Using Maple, we have:
phi:=ln(sqrt(((x-1)^2+y^2+z^2+0.09)/((x+1)^2+y^2+z^2+0.09)));
Now if we plot the gradient of this, in Maple, we obtain:
with(plots):
gradplot3d(phi,x=-2..2,y=-1..1,z=-1..1,axes='FRAMED',
arrows='SLIM',grid=[16,8,8],
orientation=[71,76],scaling='CONSTRAINED');
We can see a field source at (1,0,0) and a field sink at (-1,0,0).
In order to make it clearer, lets consider the field in the xz-plane.

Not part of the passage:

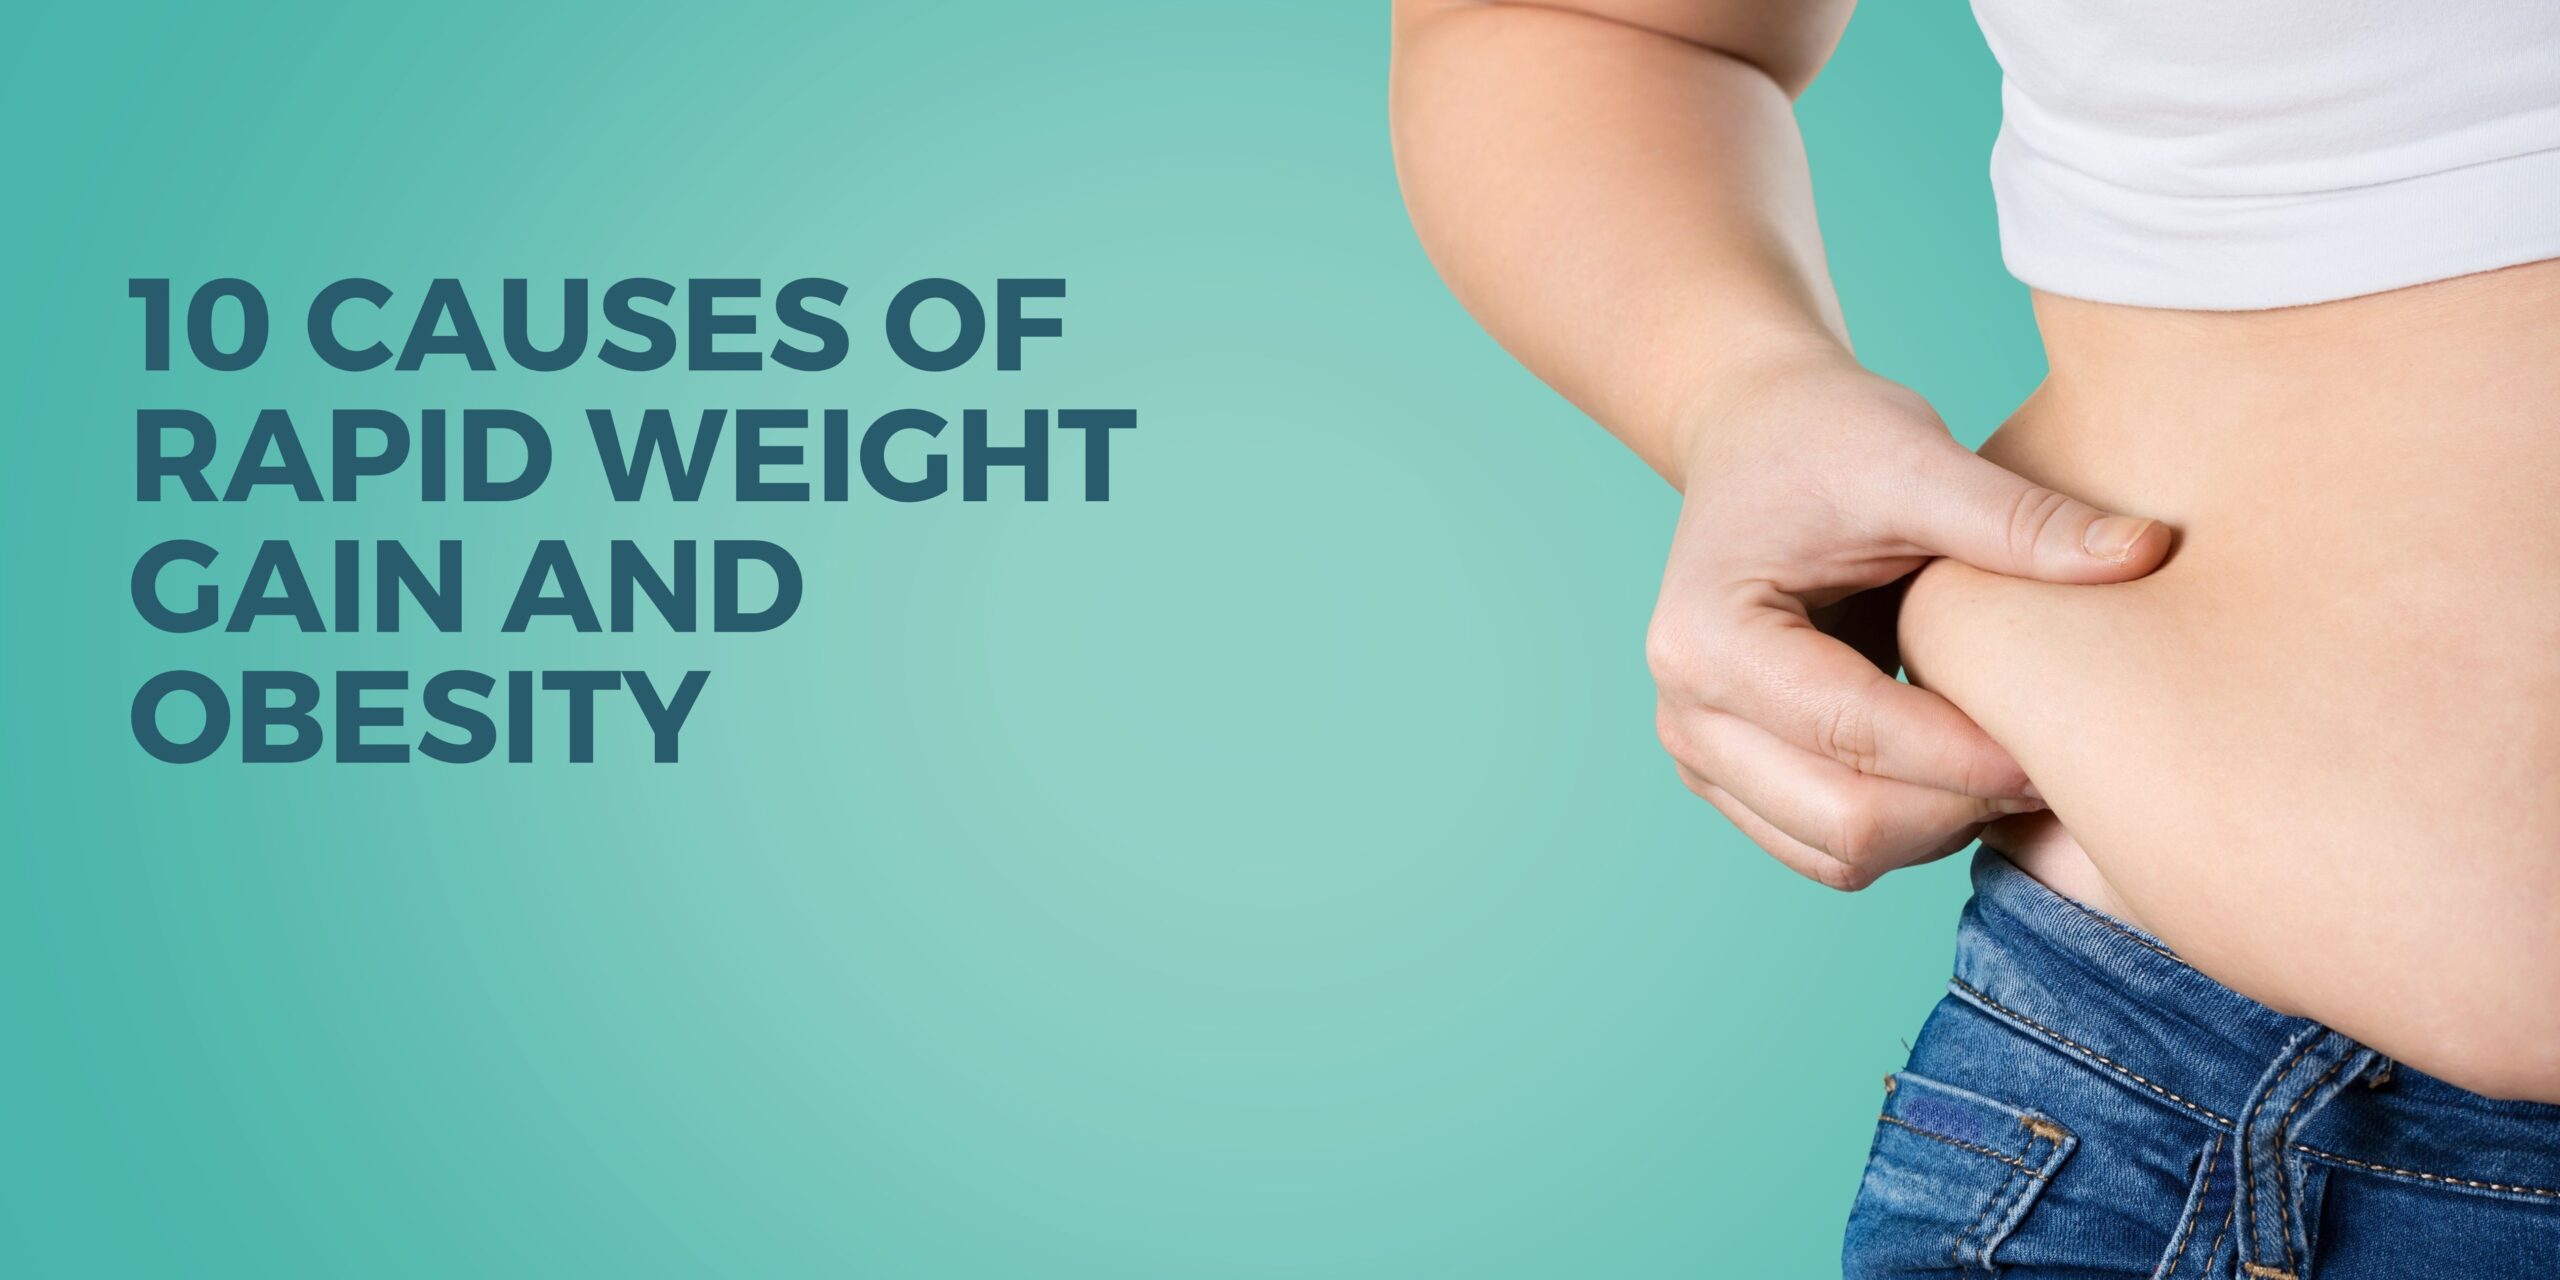 10 Causes of Rapid Weight Gain and Obesity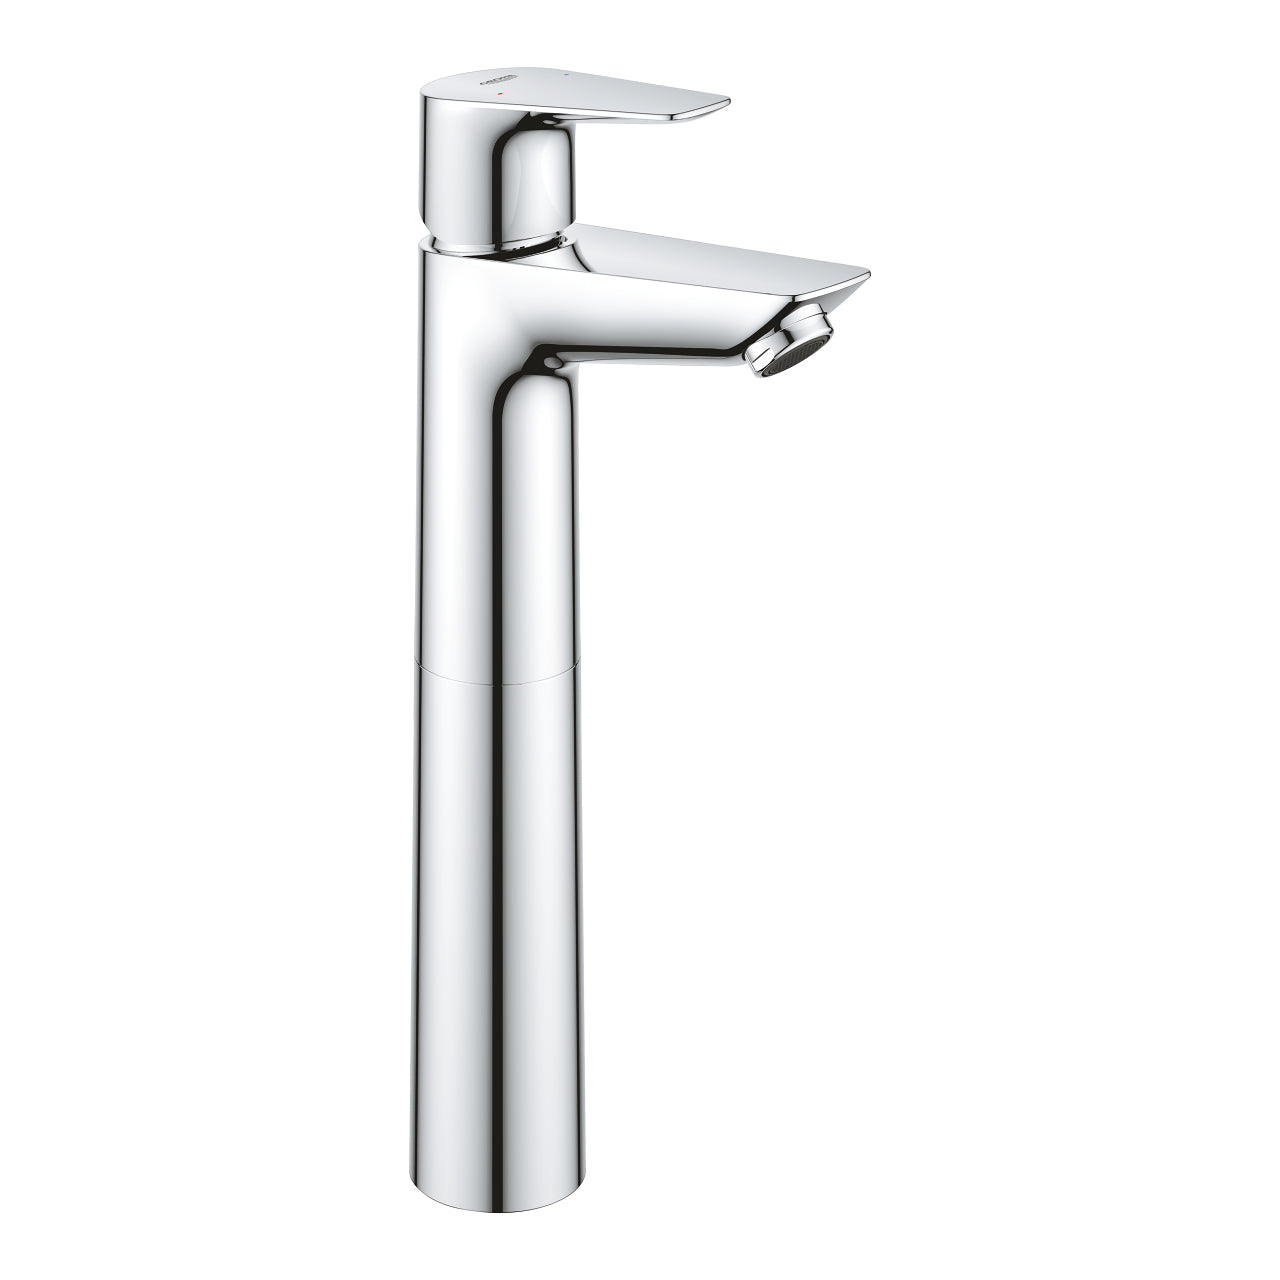 Grohe Bauedge Single lever Basin Mixer 1 / 2 Inch Xl Size

Using Maple to substitute y = 0 into phi, one obtains:
phi_xz:=subs(y=0,phi);
If we then plot the gradient of this field in 2-dimensions, using Maple,
we obtain:
gradplot(phi_xz,x=-2..2,z=-1..1,arrows='SLIM',axes='FRAMED',
scaling='CONSTRAINED',grid=[20,10],color='RED');
We see that when x = 0, the field lines become parallel, indicating that the divergence is zero on the yz-plane. Therefore, the divergence of the gradient of phi is zero on the yz-plane, and this is just the Laplacian of phi. We can now see why the Laplacian of phi is zero when x = 0.